Can one cache and secure a REST API with Cloudflare? - rest

I am designing a RESTful API that is intended to be consumed by a single-page application and a native mobile app. Some calls of this API return public results that can be cached for a certain time. Moreover, there is a need for rate protection to protect the API against unauthorized users (spiders)
Can I use Cloudflare to implement caching and rate-limiting / DDOS protection for my RESTful API?
Caching: Cloudflare supports HTTP cache control headers so the API can decide for each entity requested via GET whether is public and how long it can be cached.
However it is not clear whether the cache control header is also passed downstream to client, so will also trigger the browser to cache the response? This may not be desirable, as it could make troubleshooting more difficult
Akamai has an Edge-Control header to ensure content is cached in CDN but not the browser. Can one do something similar with Cloudflare?
DDOS Protection: Cloudflare support has an article recommending that DDOS protection be disabled for backend APIs, but this does not apply to my use case where each client is supposed to make few requests to the API. The native DDOS protection actually fits my requirements for protecting the API against bots.
I need to know how I can programatically detect when Cloudflare serves a Captcha / I'm under attack etc. page This would then allow the SPA / mobile app to react intelligently, and redirect the user to a web view where she can demonstrate her "hummanness".
From Cloudflare documentation, it is not obvious what HTTP status code is sent when a DDOS challenge is presented. An open-source cloudscraper to bypass Cloudflare DDOS protection seems to indicate that Captcha and challenge pages are delivered with HTTP status 200. Is there a better way than parsing the request body to find out whether DDOS protection kicked in?
Cloudflare apparently uses cookies to record who solved the Captcha successfully. This obviously creates some extra complexity with native apps. Is there a good way to transfer the Cloudflare session cookies back to a native app after the challenge has been solved?
Probably this is something of an advanced Cloudflare use case - but I think it's promising and would be happy to hear if anyone has experience with something like this (on Cloudflare or another CDN).

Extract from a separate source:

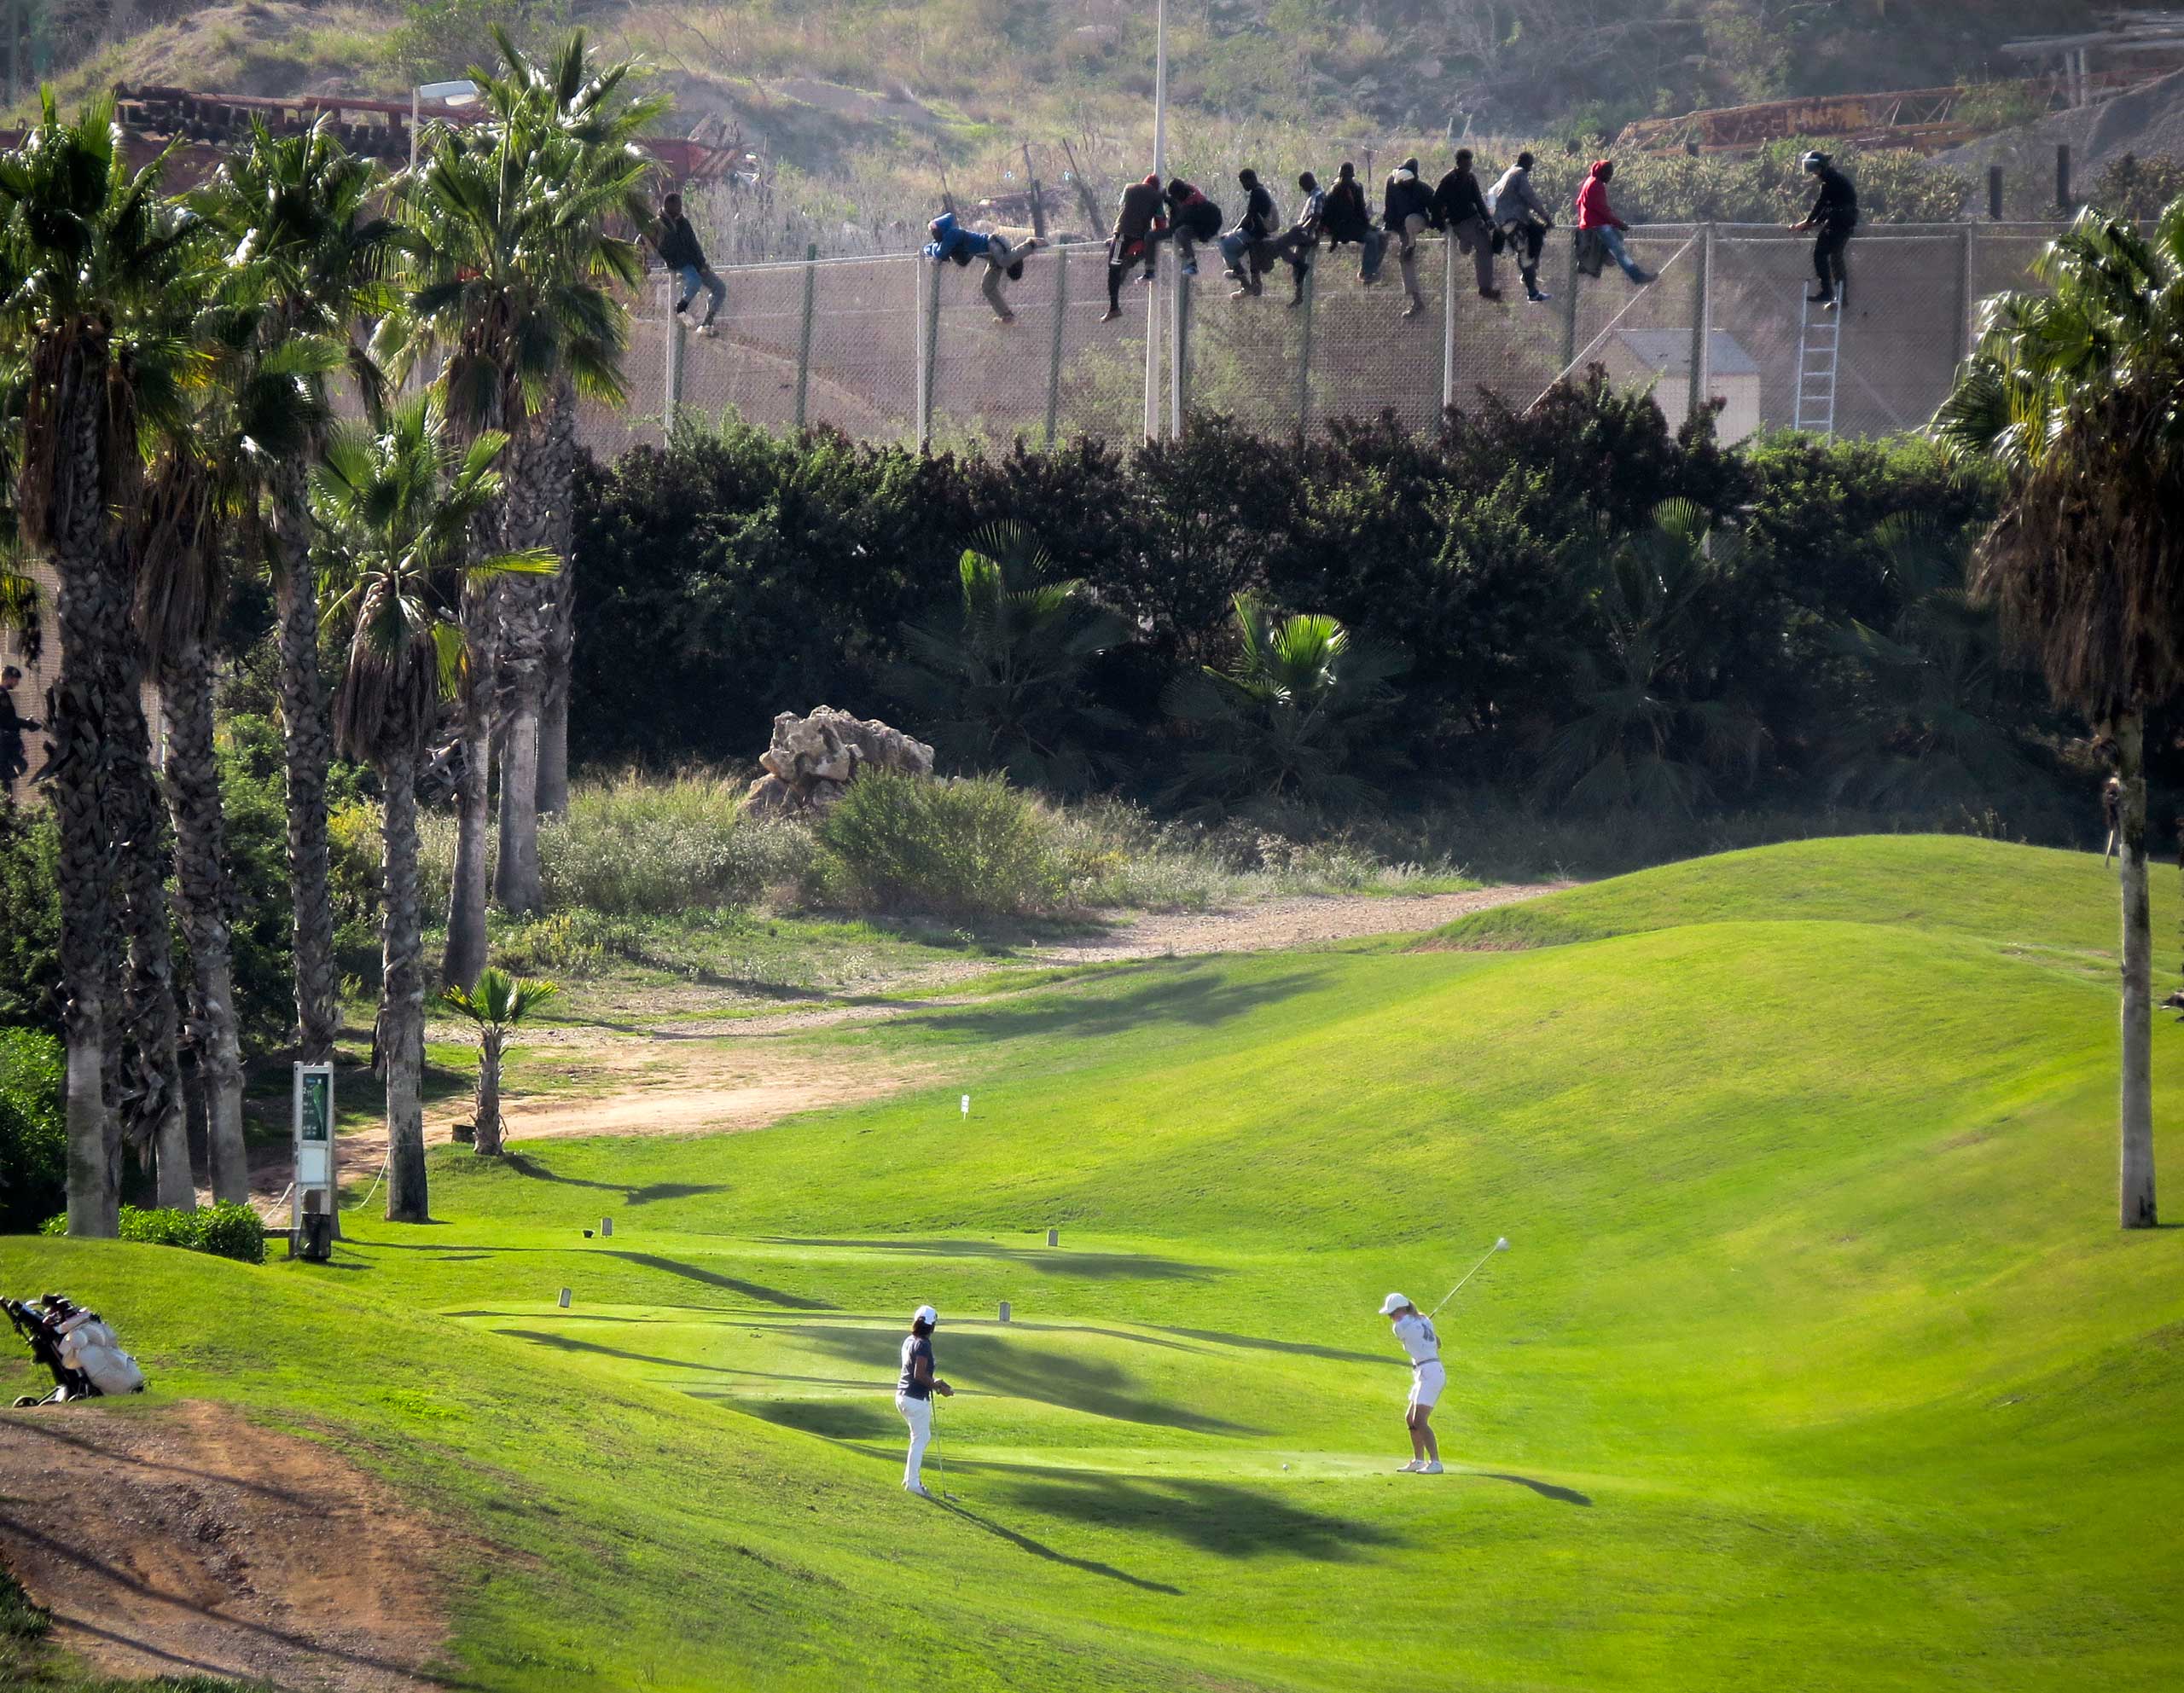 A golfer hits a tee shot as African migrants sit atop a border fence during an attempt to cross into Spanish territories between Morocco and Spain's north African enclave of Melilla, Oct. 22, 2014.

Cloudflare has published a list of best practices for using it with APIs.
TL;DR, they recommend setting a page rule that patches all API requests and putting the following settings on it:
Cache Level: Bypass
Always Online: OFF
Web Application Firewall: OFF
Security Level: Anything but "I'm under attack"
Browser Integrity Check: OFF

Yes CloudFlare can help with DDOS protections and No it does not implement caching and rate-limiting for your API. You are to implement those your self or you use a framework that does.
You can use CloudFlare to protect your API endpoint by using it as a proxy.
CloudFlare protects the entire URL bit your can use the page rules to tweak the settings to your api endpoint.
Example: https://api.example.com/*
Reduce the the security for this rule to between low or medium so as
not to show a captcha.
API's are not meant to show captcha you protect them with authorizations and access codes.
you can implement HTTP Strict Transport Security and Access-Control Headers on your headers.
Cloud Hosting providers (e.g DigitalOcean, Vultr,etc..) have free or paid DDoS protection. You can subscribe for it on just that public facing VM. This will be a big plus because now you have double DDOS protection.
For cache APIs
Create a page rule like https://api.example.com/*.json
Set the Caching Level for that rule such that CloudFlare caches it on its servers for a specific duration.
The are so many other ways you can protect APIs. Hopes this answer has been of help?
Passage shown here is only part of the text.